Die Deutsche Rentenversicherung bietet die Möglichkeit eines Statusfeststellungsverfahrens im Sinne des § 7a SGB IV an. Im Zuge dieses Verfahrens können sowohl Auftraggeber als auch freie Mitarbeiter in Erfahrung bringen und feststellen lassen, was für ein Verhältnis zwischen den Parteien vorliegt.
Im Freelancer-Vertrag sollten nähere Angaben und genaue Bestimmungen enthalten sein, die die Selbstständigkeit des freien Mitarbeiters unterstreichen und darstellen, dass dieser unabhängig vom Auftraggeber ist. Angaben, wie dass die Leistung nicht im Betrieb des Auftraggebers erbracht wird, keine festen Arbeitszeiten bestehen und der freie Mitarbeiter eigene Arbeitsmittel nutzt, sind hilfreich und betonen die persönliche Unabhängigkeit des freien Mitarbeiters.
Freie Mitarbeiter können im Rahmen ihrer Selbstständigkeit zeitgleich für mehrere Auftraggeber tätig sein und sind grundsätzlich an keine Arbeitszeiten oder -orte gebunden. Sie sind unabhängig von Weisungen und arbeiten nach ihrem eigenen Zeitmanagement. Dass hierbei aber auch selbst an die Sozialabgaben gedacht werden muss, sollte man sich vor Augen halten; ebenso verhält es sich mit anderen Arbeitnehmerrechten, wie Kündigungsschutz, Entgeltfortzahlung im Krankheitsfall oder auch Urlaubsgeld – hiervon können freie Mitarbeiter grundsätzlich keinen Gebrauch machen.

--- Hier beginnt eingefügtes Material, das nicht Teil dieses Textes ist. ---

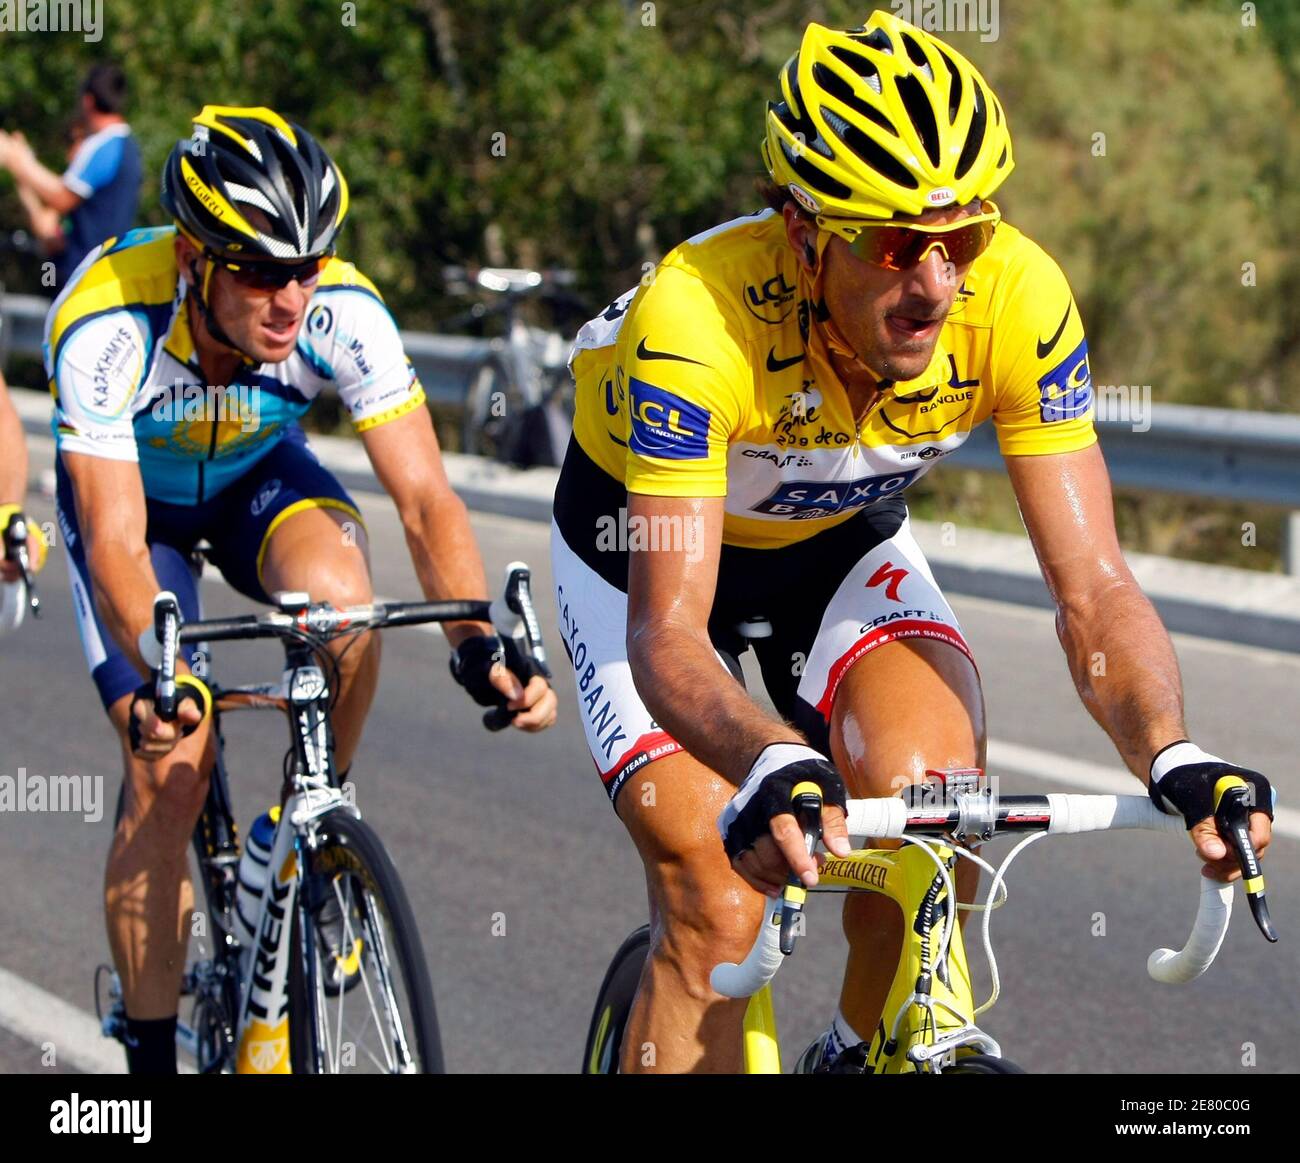 Team Saxo Bank rider and leader's yellow jersey Fabian Cancellara of  Switzerland (R) cycles with Astana rider Lance Armstrong of the U.S. (L)  during the third stage of the 96th Tour de

Die freie Mitarbeit bringt auch für auftraggebende Unternehmen Vorteile mit sich. Sie können nicht nur Sozialabgaben und andere Fixkosten sparen, sondern auch von flexiblen Einsätzen profitieren, ohne dass diese unter den Kündigungsschutz fallen. In einigen Bereichen ist es oftmals auch profitabel, externe Experten zu beauftragen. Aber auch hier gibt es Nachteile: Neben Datenschutz- und Geheimhaltungsproblematiken, kann es auch zu Engpässen bei der Verfügbarkeit von freien Mitarbeitern kommen. Insbesondere kurzfristige Einsätze können schwer vermittelbar sein und sehr kostspielig enden.